![]() |
| Siruppidada dan perepat olahan masyarakat Tanjung Melayu |
INHILKLIK.COM, KUINDRA - Siapa yang suka sirup? pasti semua orang suka bukan? rasanya yang manis dan gurih menyebabkan sirup banyak disukai oleh masyarakat, sirup sering digunakan untuk minuman dingin dan beberapa olahan produk.
Tapi pernahkan anda menjumpai sirup yang rasanya manis dan asam? jika anda penasaran anda bisa merasakan sirup buah pidada, sirup yang memiliki rasa khas dan unik, pokonya sekali mencoba pengen nambah lagi.
Lalu dimana kita bisa mendapatkan sirup pidada tersebut?
Di Kabupaten Indragiri Hilir, salah satu desa yang masyarakatnya mampu mengolah buah pidada dan perepat menjadi sirup adalah Desa Tanjung Melayu, Kecamatan Kuala Indragiri (Kuindra).
Hanya saja saat ini, olahan sirup pidada belum diproduksi secara rutinitas oleh amsyarakat disana.
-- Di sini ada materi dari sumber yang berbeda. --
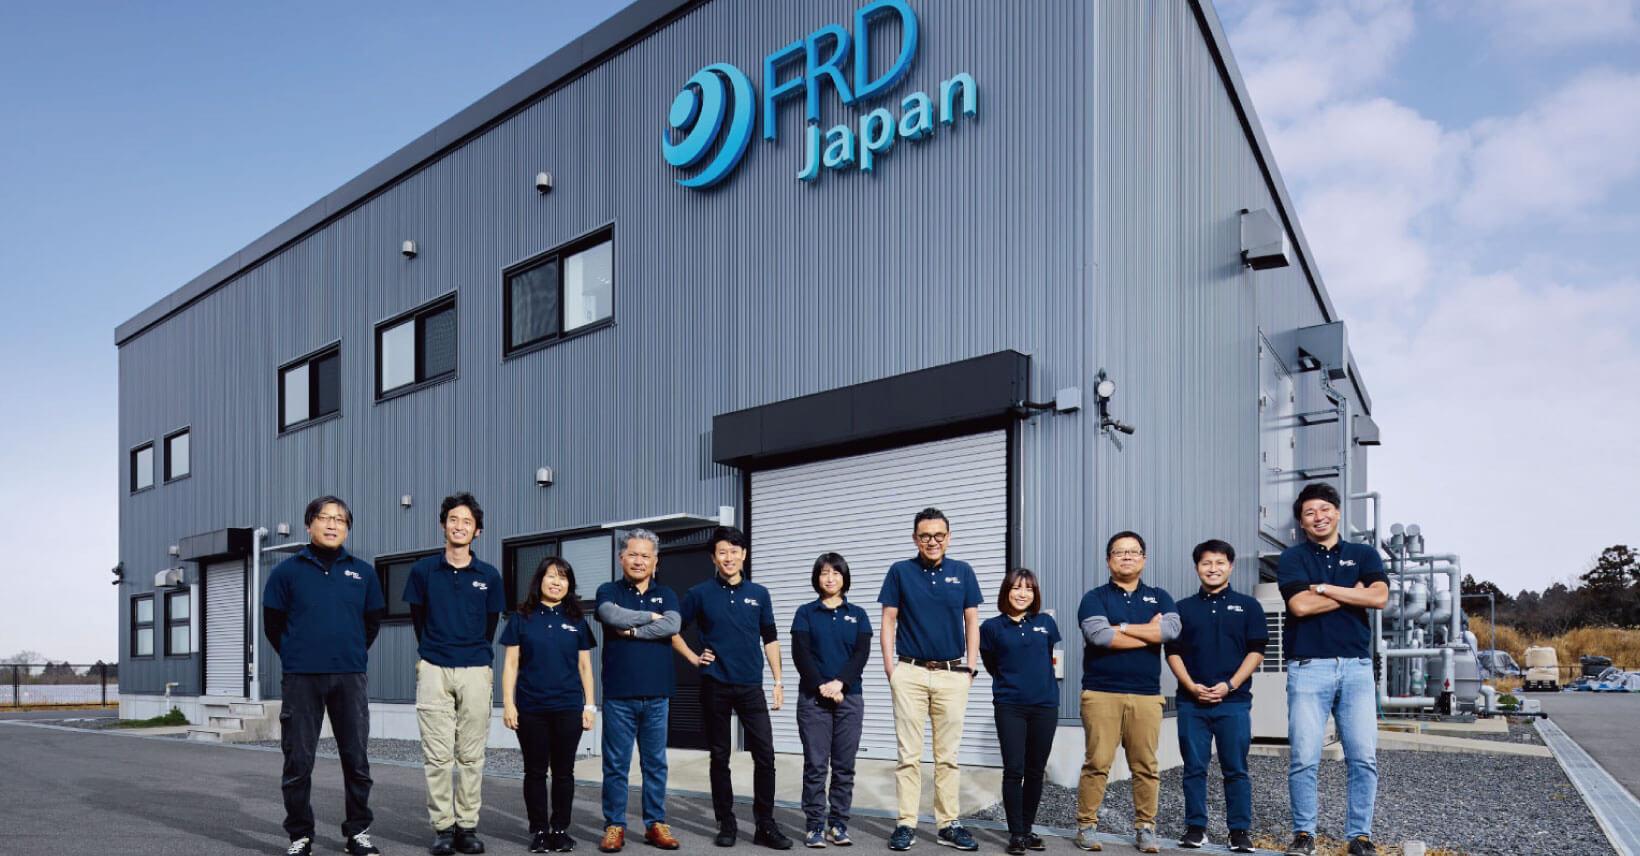 FRDジャパン様ウェブサイトトップ写真

Dikatakan Kepala Desa Tanjung Melayu, Samsul Rizal, biasanya jika ada yang ingin membeli harus pesan terlebih dahulu.
"Kalo mau pesan dulu, baru kita carikan sesuai pesanan mau buah pidada atau perepat, lalu kita buatkan sirupnya, sekitar dua harianlah udah siap sirupnya," ujar Samsul dalam wawancara bersama Inhilklik.com belum lama ini.
Untuk harga juga tidak terlalu mahal, dikatakan Samsul, kemasan botol 300 ml biasa dihargai oleh masyarakat Rp. 20.000,-.
Jika ingin memesan sirup pidada atau perepat bisa dipesan memalui Kepala Desa Tanjung Melayu atau bagi anda yang punya kenalan di desa tersebut bisa menghubunginya.
"Kalo mau pesan lewat saya juga bisa, catat saja nomor saya 081371207832," ungkap Samsul.
Kedepannya, Samsul bertekad menjadikan sirup pidada dan perepat sebagai salah satu produk andalan Desa Tanjung Melayu dan diproduksi secara rutin sehingga mampu menjadi pemasukan ekonomi bagi desa dan masyarakat. (Ard)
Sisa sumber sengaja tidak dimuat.